The division had a start when I read the Handbook of Physiology
of the American Society for Physiology, in 1967. I was
charged with the treatment of malnutrition and diarrhoea in
the University of Florence. I read the handbook to become
aware about mucosal digestion and absorption. At that time,
these points had to be diagnosed to treat malnourished children.

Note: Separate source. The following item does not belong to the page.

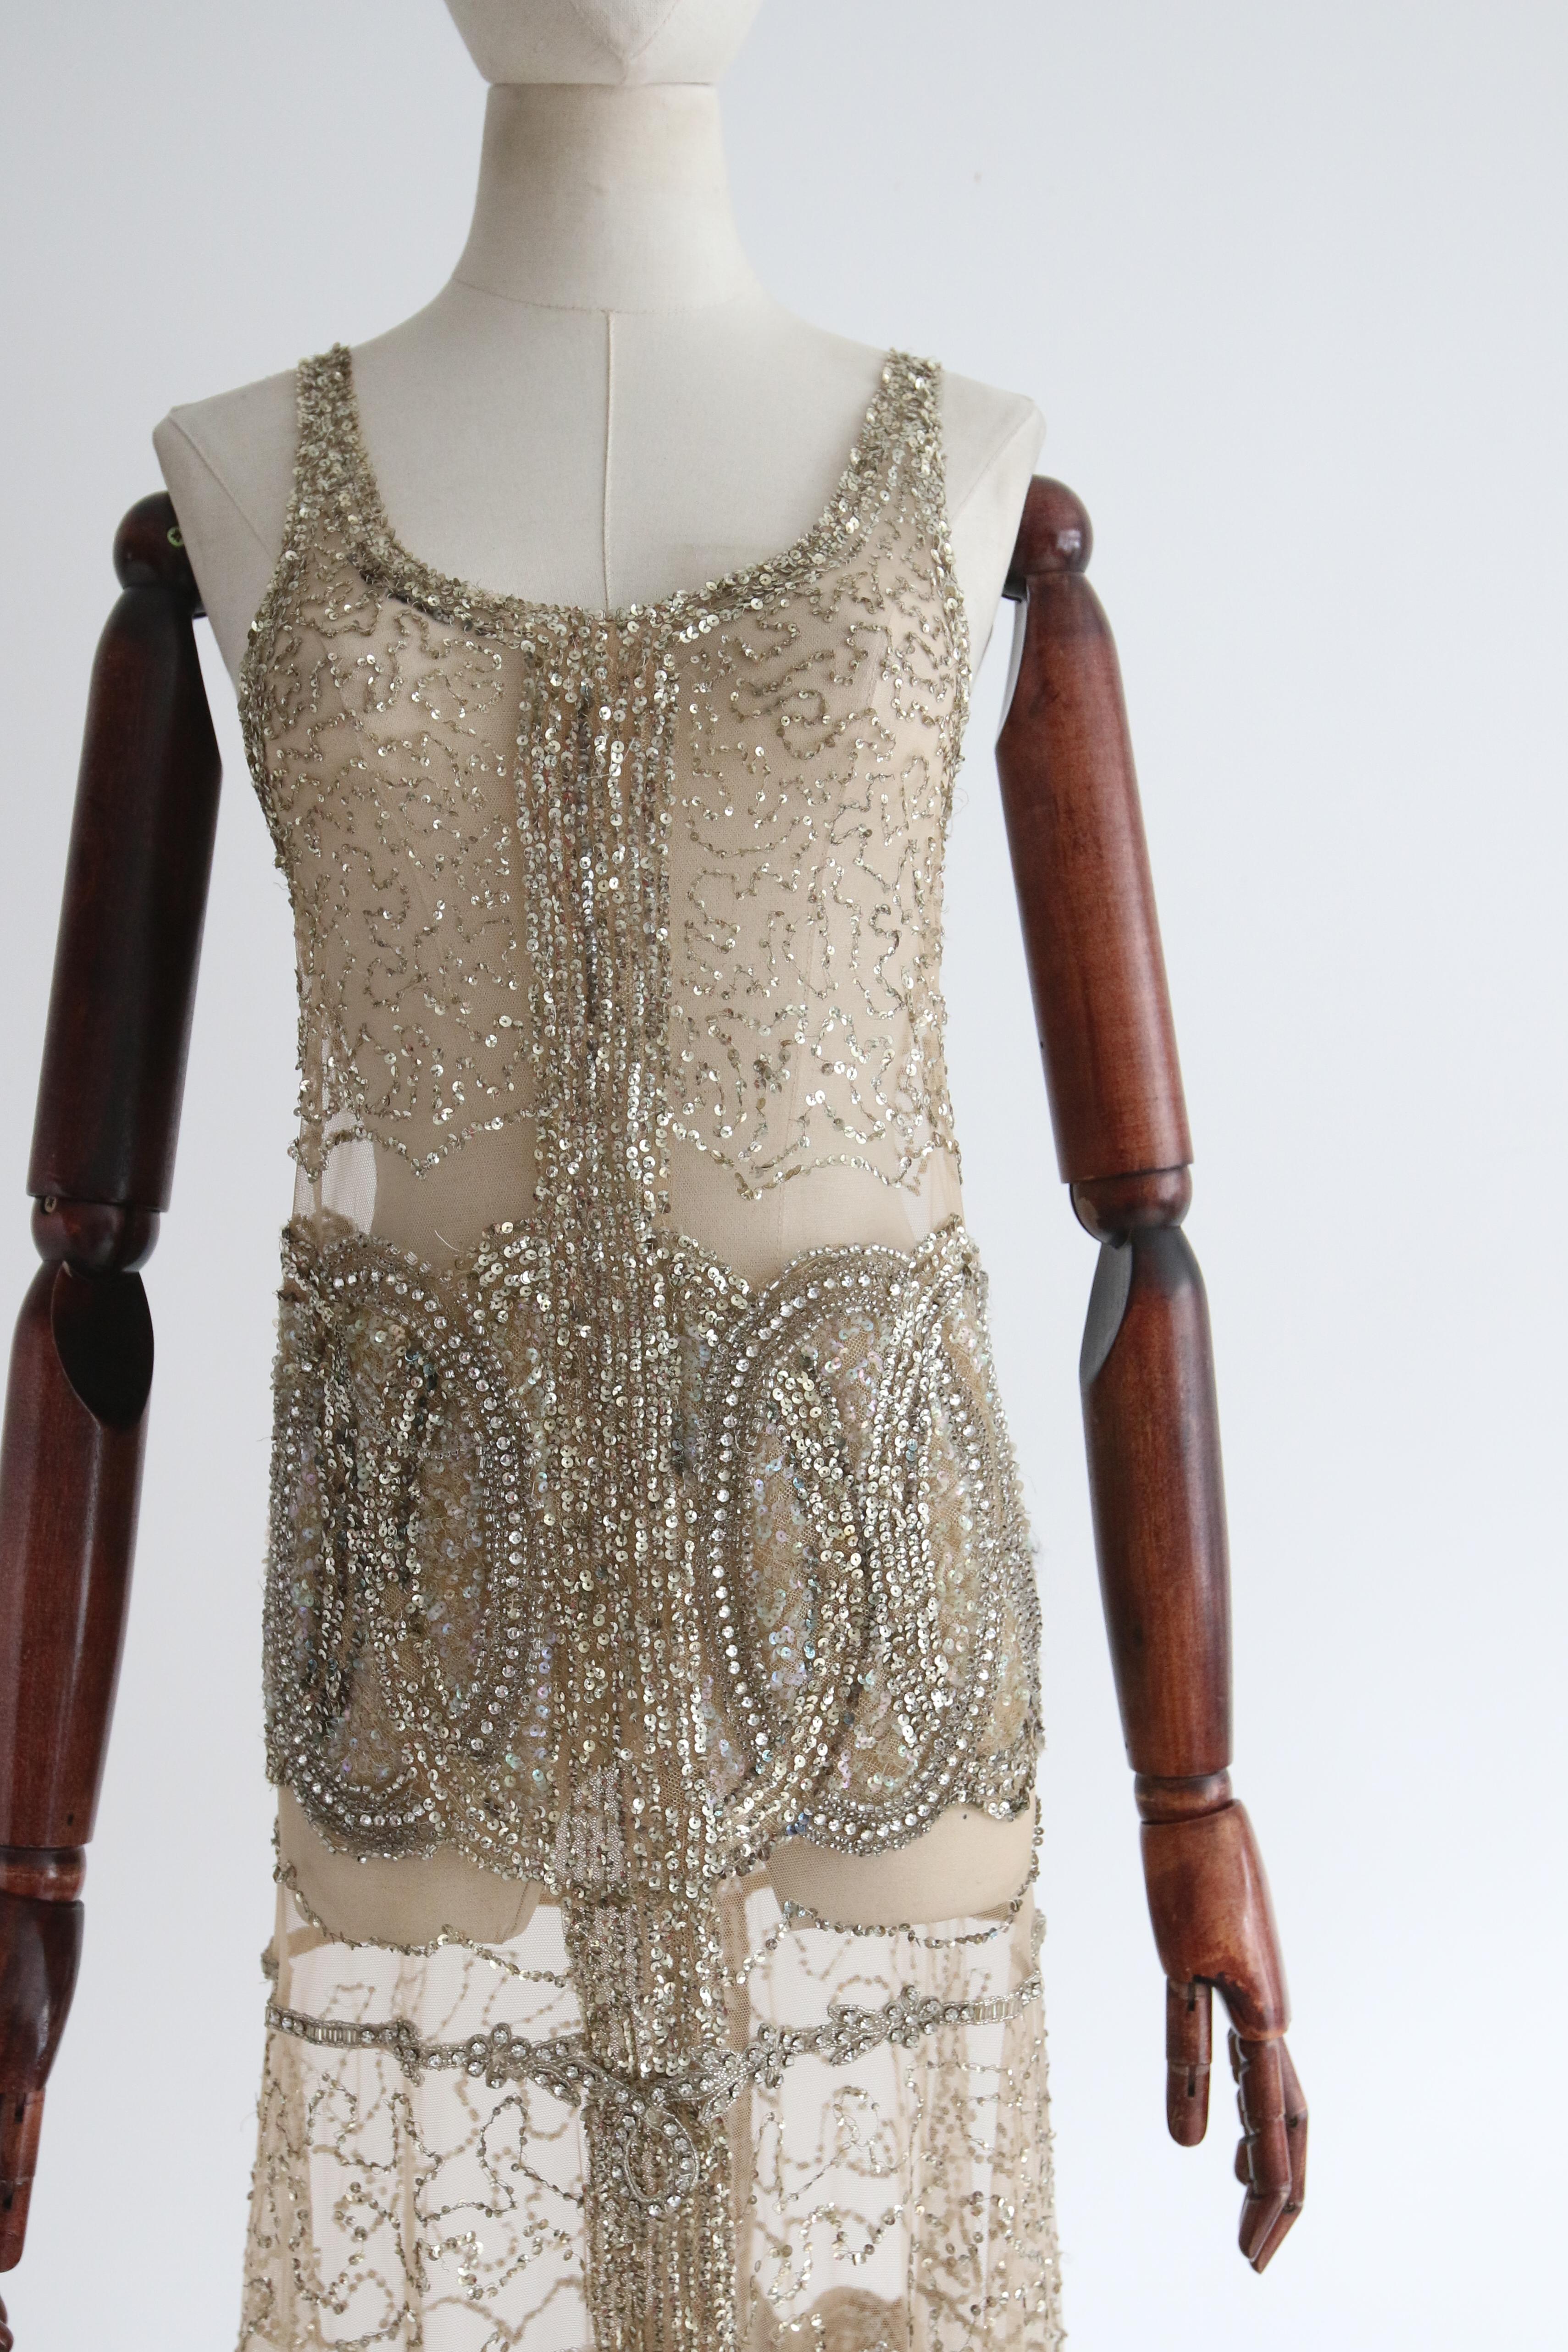 Women's or Men's Vintage 1920's Gold Beaded Sequin Dress Flapper Dress UK 6-8 US 2-4 For Sale
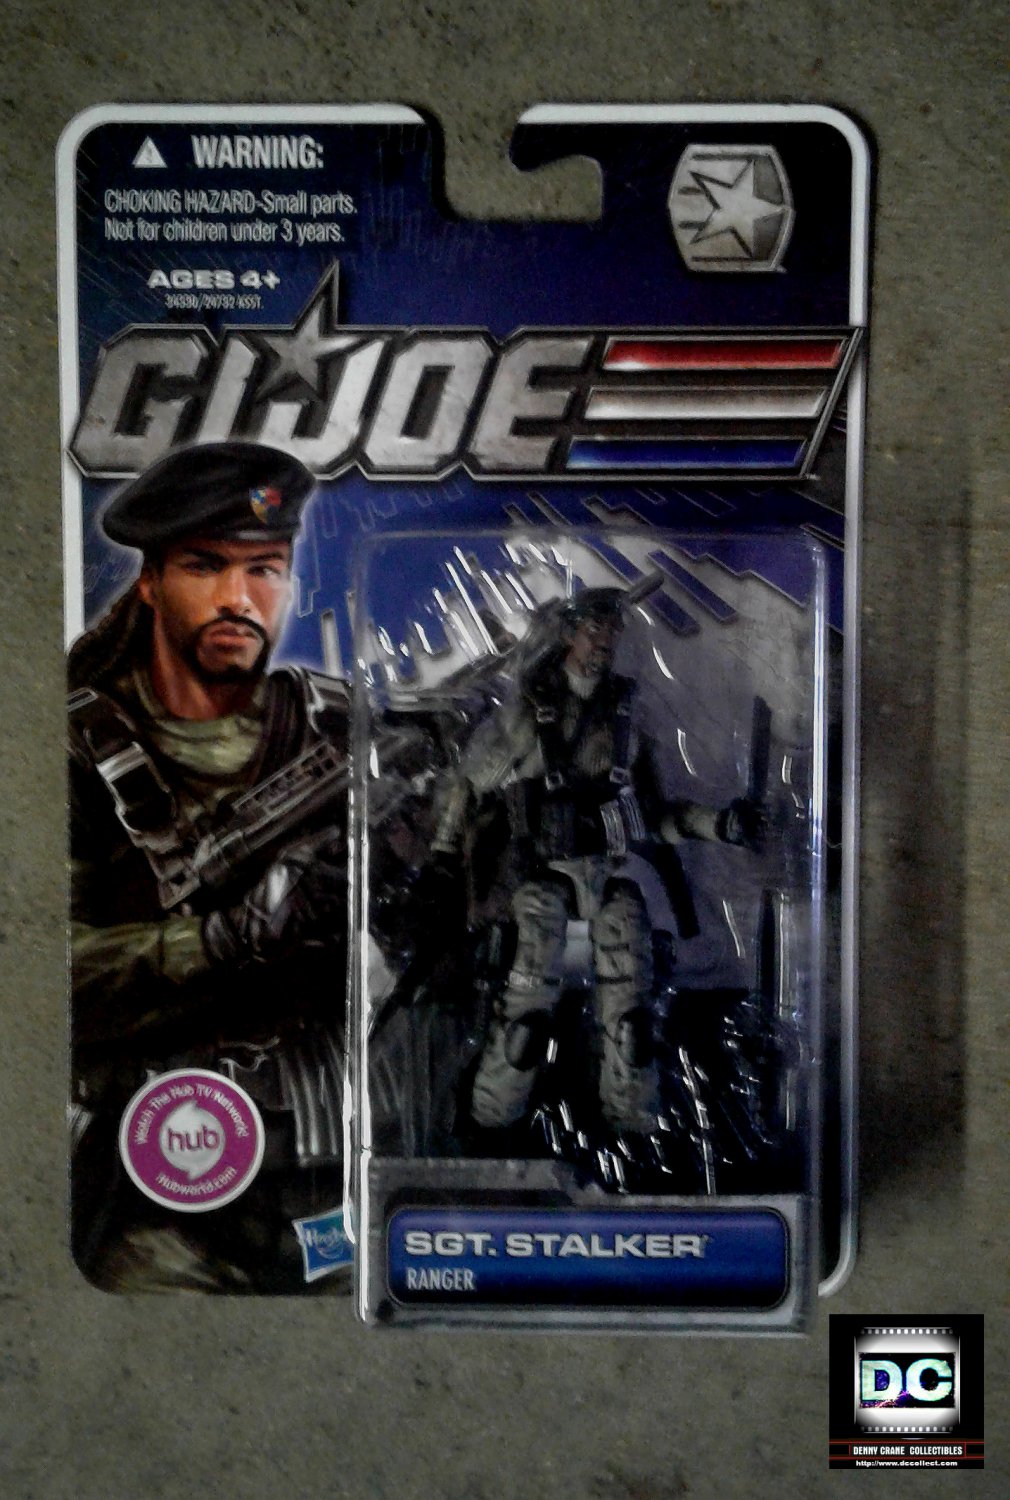 Sgt Stalker v13 Ranger GIJoe 30th Anniversary 2011 POC Hasbro 34330 GI Joe Pursuit of Cobra

Before beginning any research, I intended to adapt intake
to intestinal physiology. I read that 50% - 60% or more
immune cells of the human body reside in the mucosa of
small intestine (Mowat, 1987, 44; Brandtzaeg et al., 1989;
Abrams, 1977). Bacteria grow in small and large intestine by
slow energy production without oxygen use. All fibers and
small amounts of sugars, carbohydrates, proteins, fats escape
intestinal digestion and provide energy for one bacterial replication
per day (Hungate, 1967). Food avoided absorption due
either to excessive intake or to incapability to be digested. Fibers
like cellulose and pectin escape digestion and promote
slow growth of poorly immunogenic bacteria species and
prevent harmful microbiome developments.
Bacterial growthbecomes immunogenic and harmful when energy dense
food is largely available. In the mammal intestine, bacterial
indiscriminate, harmful growth is proportionate to a positive
energy balance in blood and in body. Thus I studied bacteria
number on intestinal mucosa in time after last meal. A longer
interval from the meal produced a decrease in bacteria number.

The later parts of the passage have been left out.